Combinatorial Client-Master Multiagent Deep Reinforcement Learning for Task Offloading in Mobile Edge Computing

Recently, there has been an explosion of mobile applications that perform computationally intensive tasks such as video streaming, data mining, virtual reality, augmented reality, image processing, video processing, face recognition, and online gaming. However, user devices (UDs), such as tablets and smartphones, have a limited ability to perform the computation needs of the tasks. Mobile edge computing (MEC) has emerged as a promising technology to meet the increasing computing demands of UDs. Task offloading in MEC is a strategy that meets the demands of UDs by distributing tasks between UDs and MEC servers. Deep reinforcement learning (DRL) is gaining attention in task-offloading problems because it can adapt to dynamic changes and minimize online computational complexity. However, the various types of continuous and discrete resource constraints on UDs and MEC servers pose challenges to the design of an efficient DRL-based task-offloading strategy. Existing DRL-based task-offloading algorithms focus on the constraints of the UDs, assuming the availability of enough storage resources on the server. Moreover, existing multiagent DRL (MADRL)--based task-offloading algorithms are homogeneous agents and consider homogeneous constraints as a penalty in their reward function. We proposed a novel combinatorial client-master MADRL (CCM\_MADRL) algorithm for task offloading in MEC (CCM\_MADRL\_MEC) that enables UDs to decide their resource requirements and the server to make a combinatorial decision based on the requirements of the UDs. CCM\_MADRL\_MEC is the first MADRL in task offloading to consider server storage capacity in addition to the constraints in the UDs. By taking advantage of the combinatorial action selection, CCM\_MADRL\_MEC has shown superior convergence over existing MADDPG and heuristic algorithms.

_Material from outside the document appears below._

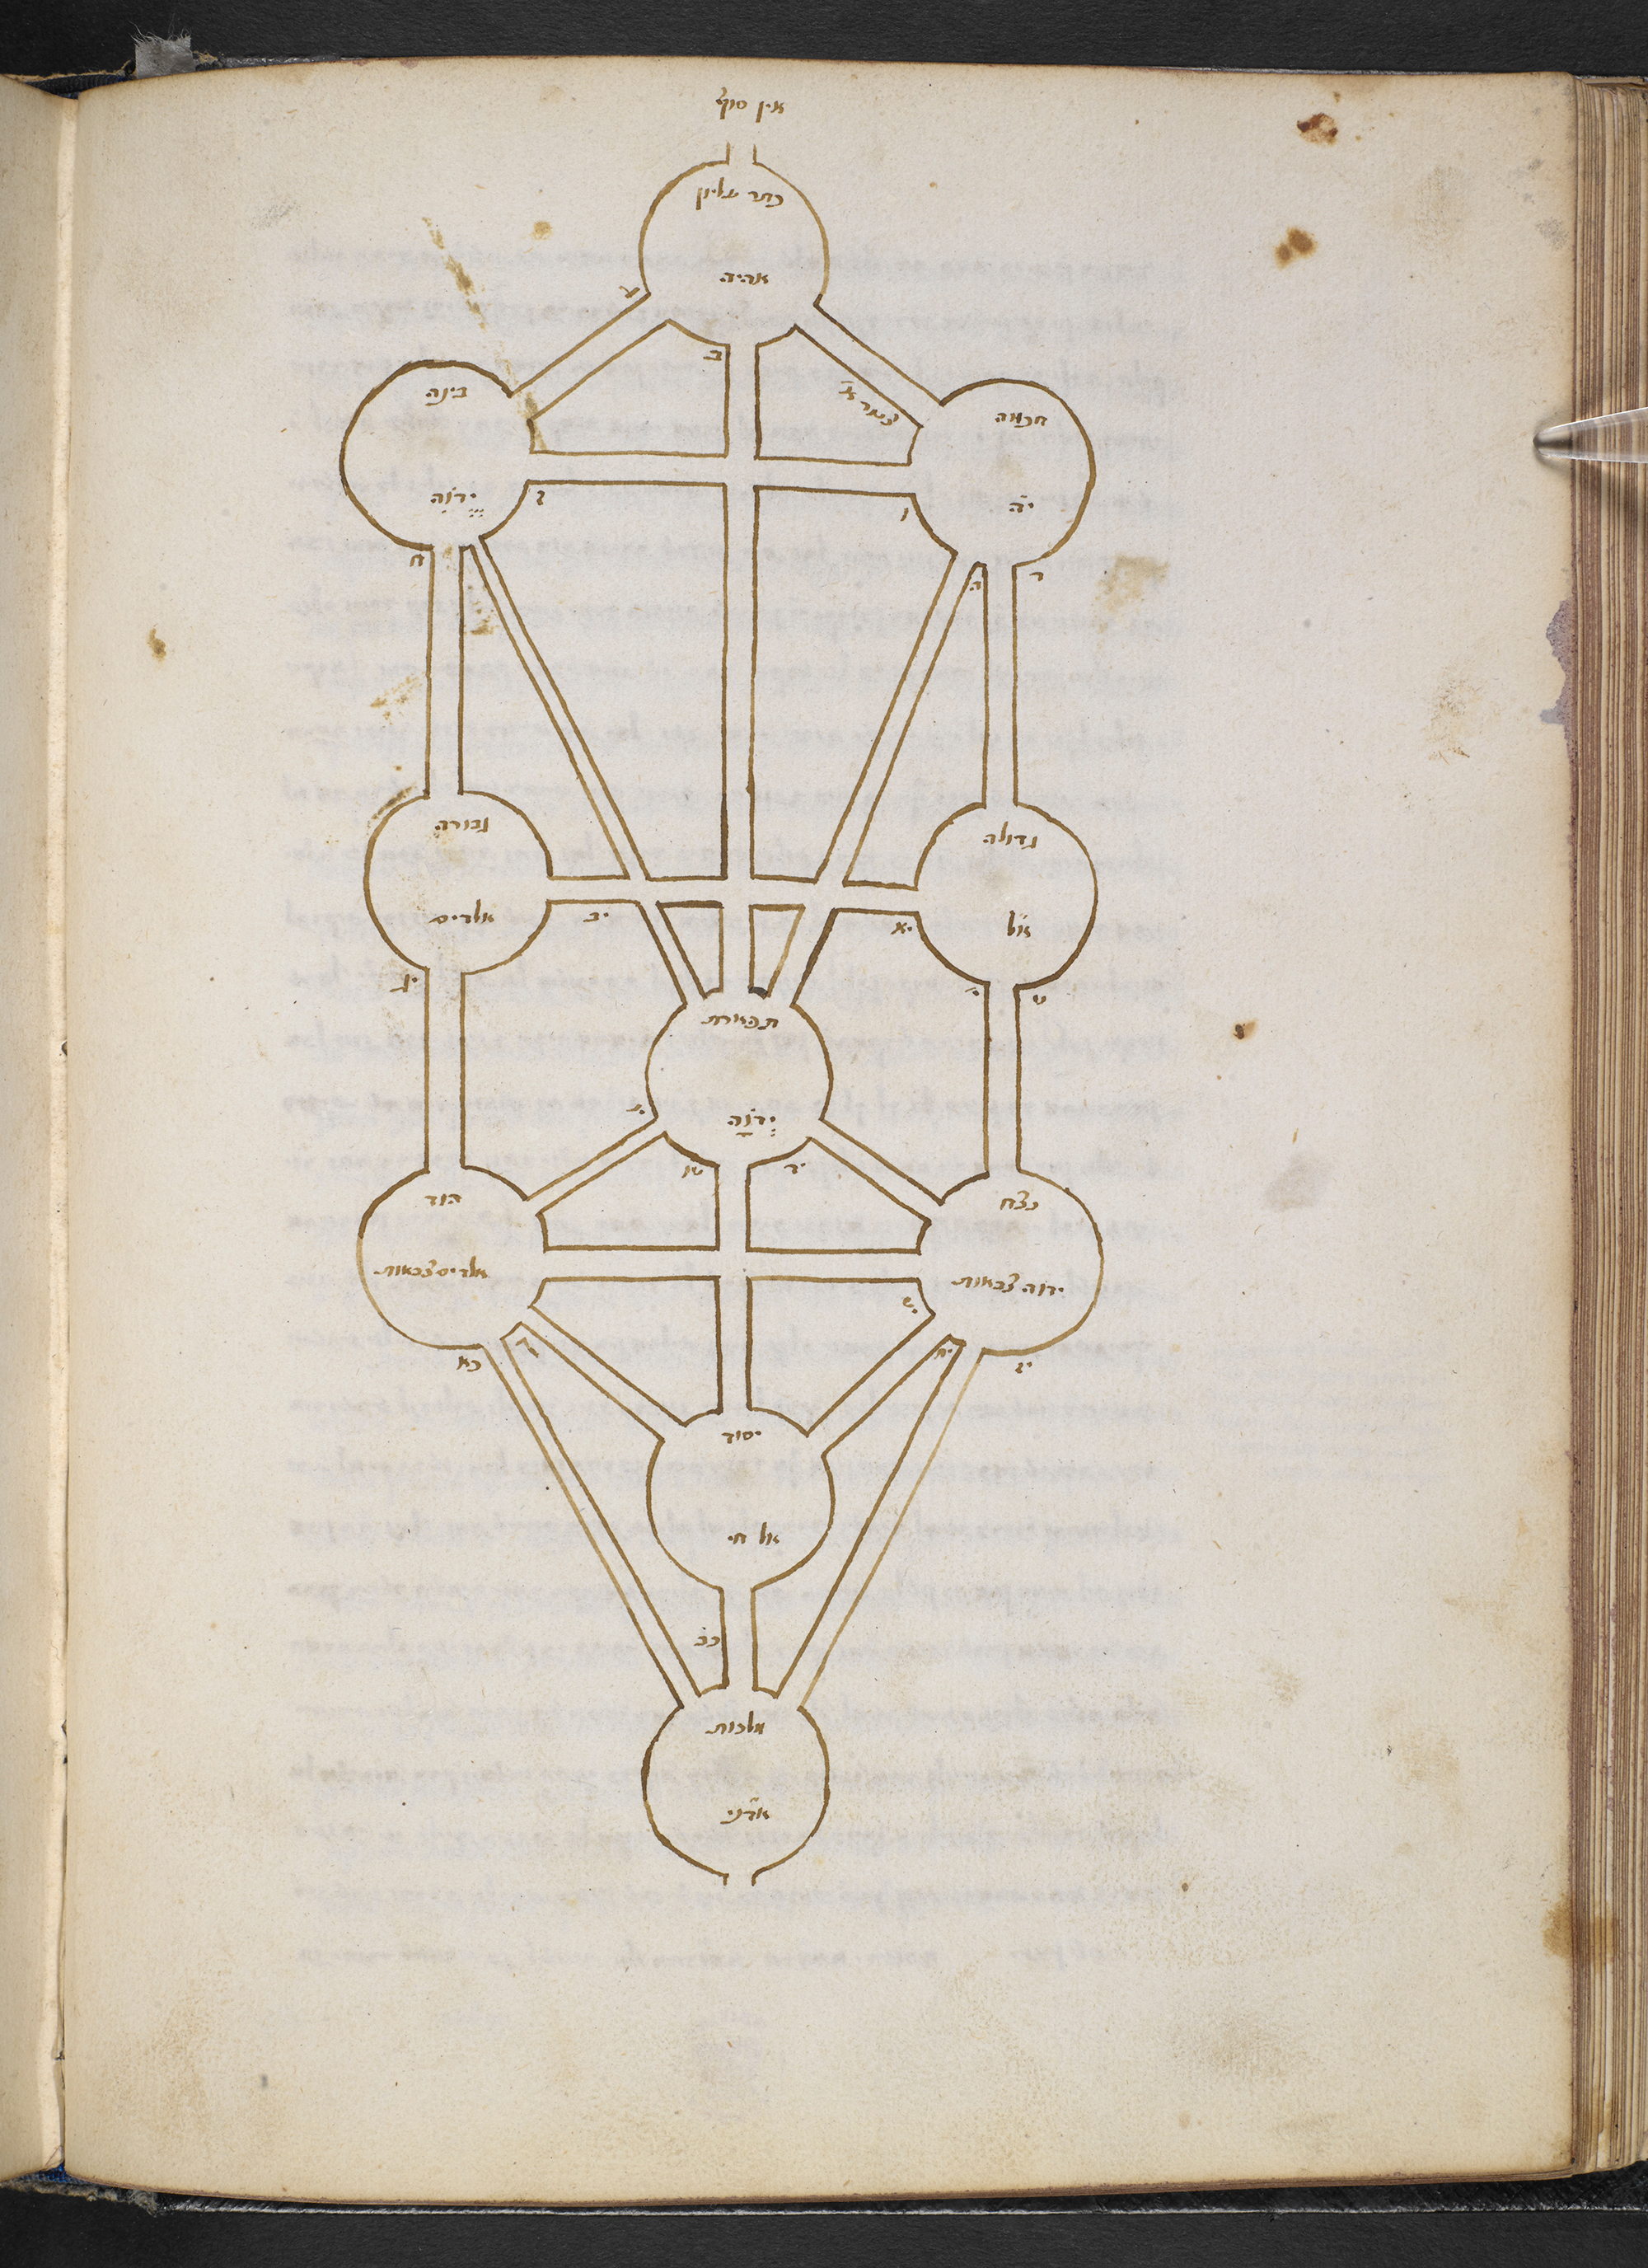 Abridgement of Law Cases  Edward I   Henry VI   Rouen  Guillaume Le Talleur for Richard Pynson   c        not after        The SaleRoom com

翻译：近年来，视频流媒体、数据挖掘、虚拟现实、增强现实、图像处理、视频处理、人脸识别及在线游戏等计算密集型移动应用呈爆炸式增长。然而，平板电脑和智能手机等用户设备执行这些任务计算需求的能力有限。移动边缘计算作为一种有前景的技术应运而生，以满足用户设备日益增长的计算需求。移动边缘计算中的任务卸载是一种通过在用户设备与边缘服务器之间分配任务来满足用户设备需求的策略。深度强化学习因其能够适应动态变化并降低在线计算复杂度而在任务卸载问题中受到广泛关注。然而，用户设备和边缘服务器上各类连续与离散资源约束给设计高效的基于深度强化学习的任务卸载策略带来了挑战。现有基于深度强化学习的任务卸载算法主要关注用户设备的约束，假设服务器拥有足够的存储资源。此外，现有基于多智能体深度强化学习的任务卸载算法采用同构智能体，并将同构约束作为惩罚项纳入奖励函数。我们提出了一种新颖的组合式客户端-主控多智能体深度强化学习算法，用于边缘计算中的任务卸载，该算法使客户端能够自主决定其资源需求，而主控端则根据客户端需求进行组合决策。这是任务卸载领域首个在用户设备约束之外同时考虑边缘服务器存储容量的多智能体深度强化学习算法。通过利用组合动作选择的优势，该算法在收敛性能上显著优于现有MADDPG及启发式算法。